Cheesecakes, while being extremely delicious, are notoriously difficult to make. This No-Bake version retains all the rich, creamy goodness of a classic baked cheesecake while eliminating the elaborate process!
This recipe is gelatin-free; The lemon juice helps curdle the fats in the batter and helps the cheesecake set and become firm.
If you are unable to acquire graham crackers, you can substitute them with any unflavoured digestive biscuits (McVities is a good digestive biscuit brand to use) and follow the same procedure to make the crust.
While buying your whipped cream, purchase one that has a fat content of at least 30%. This ensures that upon whipping, the cream will form stiff peaks. Tropolite and True Whip are two Indian brands that have the necessary fat content required for whipped cream.
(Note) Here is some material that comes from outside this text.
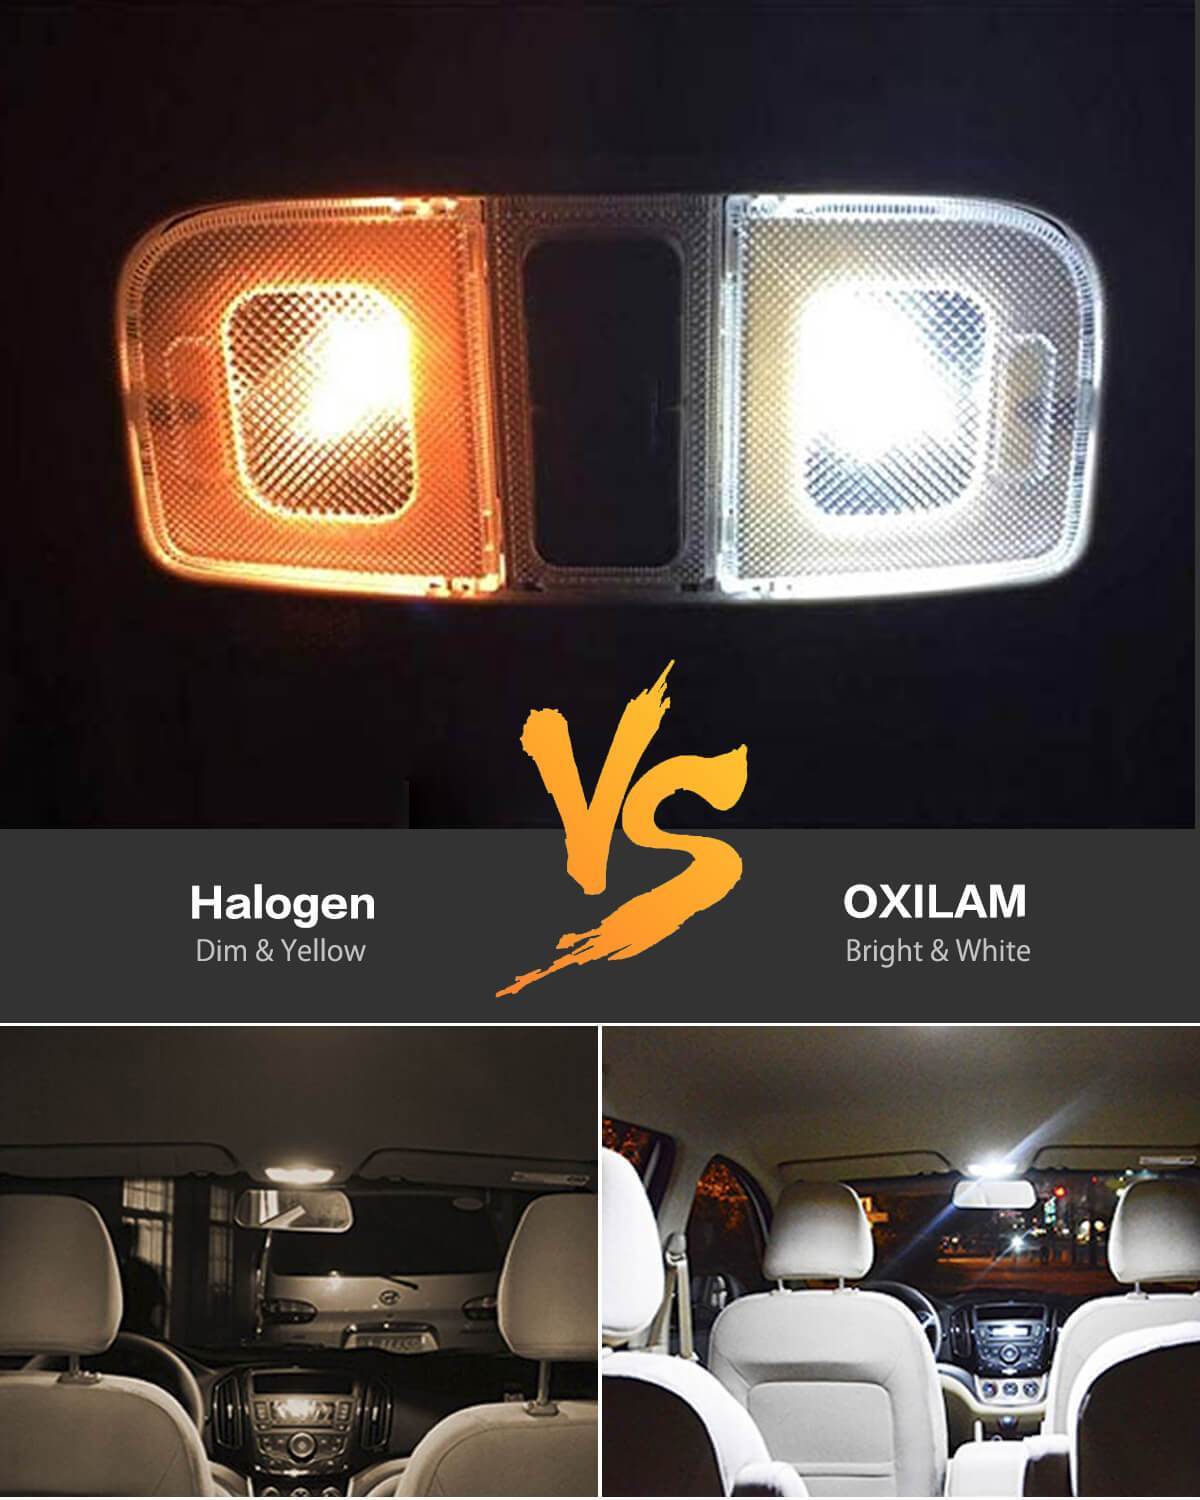 OXILAM 194 LED Bulbs Super Bright 6000K White with High Power Chipsets for  T10 W5W 168 2825 LED Bulbs Replacement, Widely Used as Parking Lights Door

This cheesecake is quite sweet on its own. Pairing it with something slightly acidic such as fresh berries or a berry compote will balance the flavours and improve the overall taste.
Ingredients for the crust:
75g graham cracker crumbs
20g coarse sugar
A pinch of salt
40g unsalted butter, melted
Ingredients for the cheesecake:
340g cream cheese (at room temperature)
55g castor sugar
30g sour cream (click here to make your own sour cream at home)
1 ½ tbsp freshly squeezed lemon juice
150ml whipping cream
45g icing sugar
1 tbsp vanilla extract
Ingredients for Berry Compote:
1 cup fresh berries of your choice (blueberries, strawberries, mulberries, etc)
¼ cup sugar
¼ cup water
1 tbsp cornstarch
1 tbsp cold water
1 tbsp fresh lemon juice
Method to prepare crust:
Add the graham crackers (or digestive biscuits) into a food processor and blend them until fine crumbs have formed.
Alternatively, you can add the graham crackers into a ziplock bag, seal it and beat them the bag using a rolling pin until fine crumbs have formed.
Transfer the crumbs into a small bowl.
Into the bowl, add the castor sugar, salt and melted unsalted butter.
Stir the ingredients together until the mixture resembles the texture of wet sand.
Add the crust mixture into a 7” spring-form pan and press it down tightly using the back of a flat cup to form the base of the cheesecake.
Place the pan into the refrigerator to set until the cheesecake batter is prepared.
Method to prepare the cheesecake batter:
In a large bowl, beat the sugar and cream cheese until well combined.
Add in the sour cream and mix well.
Add in the lemon juice, whisk all the ingredients together until well combined and then set the bowl aside.
In a separate bowl, whip the whipping cream until stiff peaks have formed.
Add half of the whipped cream to the cream cheese mixture and gently mix it in.
Using a spatula, fold in the remaining whipped cream into the mixture, ensuring that you do not deflate the whipped cream. Do not overmix at this stage or your cheesecake will turn out dense.
Add the cheesecake batter to the prepared crust and refrigerate for 5-6 hours (preferably overnight) or until firm.
This cheesecake remains fresh for 1 week when refrigerated.
Method to prepare berry compote:
Add the berries, ¼ cup water, sugar and lemon juice to a heavy bottomed saucepan and set it on medium heat.
Make a slurry by combining the cornstarch and 1 tbsp of cold water (this helps thicken the mixture).
Once the berry mixture in the saucepan comes to a boil, add the slurry.
Reduce the heat to low and mix constantly.
Once the sauce is thick enough to coat the back of a metal spoon, take it off the heat and allow the mixture to come to room temperature.
Do not allow the compote to cool completely or else it won’t set on top of the cheesecake.
Pour the warm compote onto the cheesecake and set in the fridge until firm.